Em segundo lugar, a batalha judicial contra a NSO, fabricante do programa de espionagem Pegasus, movida por jornalistas de El Faro, em El Salvador, que tiveram suas comunicações interceptadas. Em meados de 2024, as gigantes Microsoft e Google apresentaram cartas de apoio ao El Faro perante um tribunal da Califórnia.

"As maiores ameaças digitais ao jornalismo na América Latina são, por um lado, a desinformação e a censura. Por outro lado, o ataque direto aos jornalistas para intimidá-los e fazê-los parar de trabalhar ou prejudicar suas investigações", disse Bonifaz.

Juan Manuel Casanueva, diretor executivo da Social TIC no México, uma das organizações colaboradoras do relatório, concorda com isso. Para ele, uma das maiores ameaças digitais ao jornalismo hoje são "ecossistemas com agentes relevantes de desinformação como Elon Musk no X ou outros representantes governamentais e grupos ideológicos".

O relatório conclui que os principais atores responsáveis pelas ameaças são os governos, os grupos anti-direitos que ameaçam a liberdade de expressão online, os atores criminosos presentes no ciberespaço e indivíduos que manifestam expressões de sexismo e racismo.

No entanto, há comparações e padrões que os criadores do relatório não conseguiram estabelecer devido à natureza dos dados de cada organização colaboradora. Por exemplo, apenas três das organizações gerenciam linhas diretas e oferecem apoio e resposta em casos de violência digital de gênero. Portanto, há uma subnotificação de casos nessa área.

Proteja-se e não subestime os ataques

Entre dezembro de 2023 e março de 2024, a Indómita Media recebeu mais de 300 infecções por malware em seu site. Os ataques os deixaram, em uma ocasião, 15 dias fora do ar.

"Agora os jornalistas no Equador estão cada vez mais expostos a ataques que vão desde os mais simples, como autocensura e bloqueio de informações, até casos mais graves, como ameaças digitais", disse Thalíe Ponce, diretora e fundadora da Indómita Media, à LJR.

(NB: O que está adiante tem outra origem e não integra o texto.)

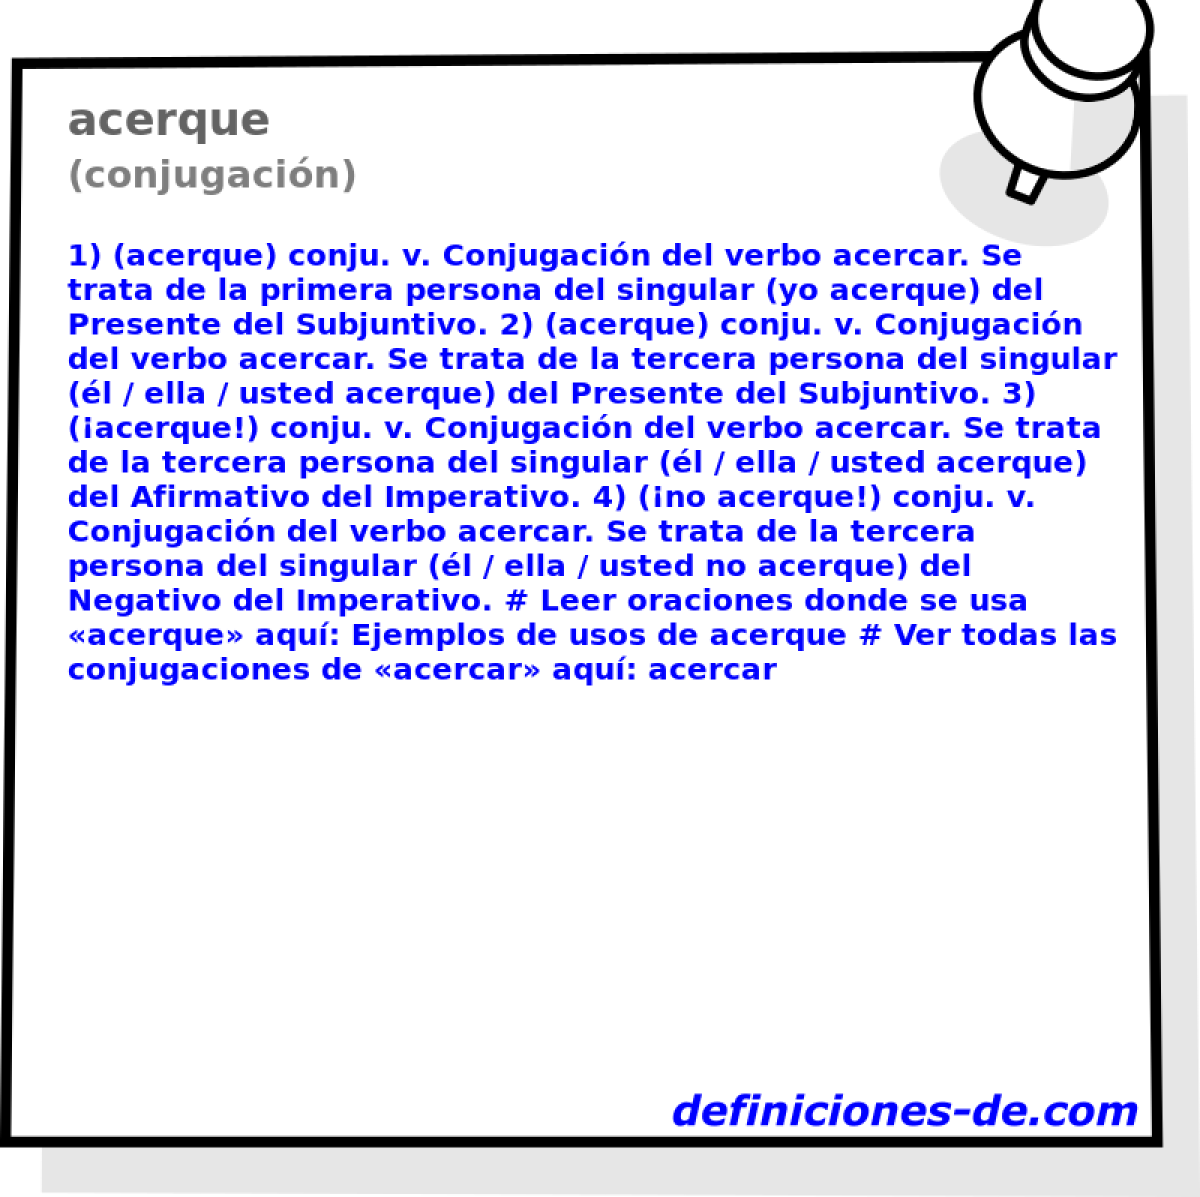 acerque (conjugacin)

A LaLibre.net, organização colaboradora do relatório, forneceu à Indómita Media um novo servidor e uma infraestrutura tecnológica mais robusta e acessível. Isso também proporciona ao veículo uma comunicação mais fluida com os especialistas em caso de novos ataques.

"Um aprendizado importante que tivemos foi não subestimar esse tipo de ataque", disse Ponce. "Também é importante ter comunicação constante com organizações da sociedade civil. Eles enfrentam há mais tempo situações que talvez o jornalismo, pelo menos no Equador, não tenha enfrentado tão diretamente até anos recentes".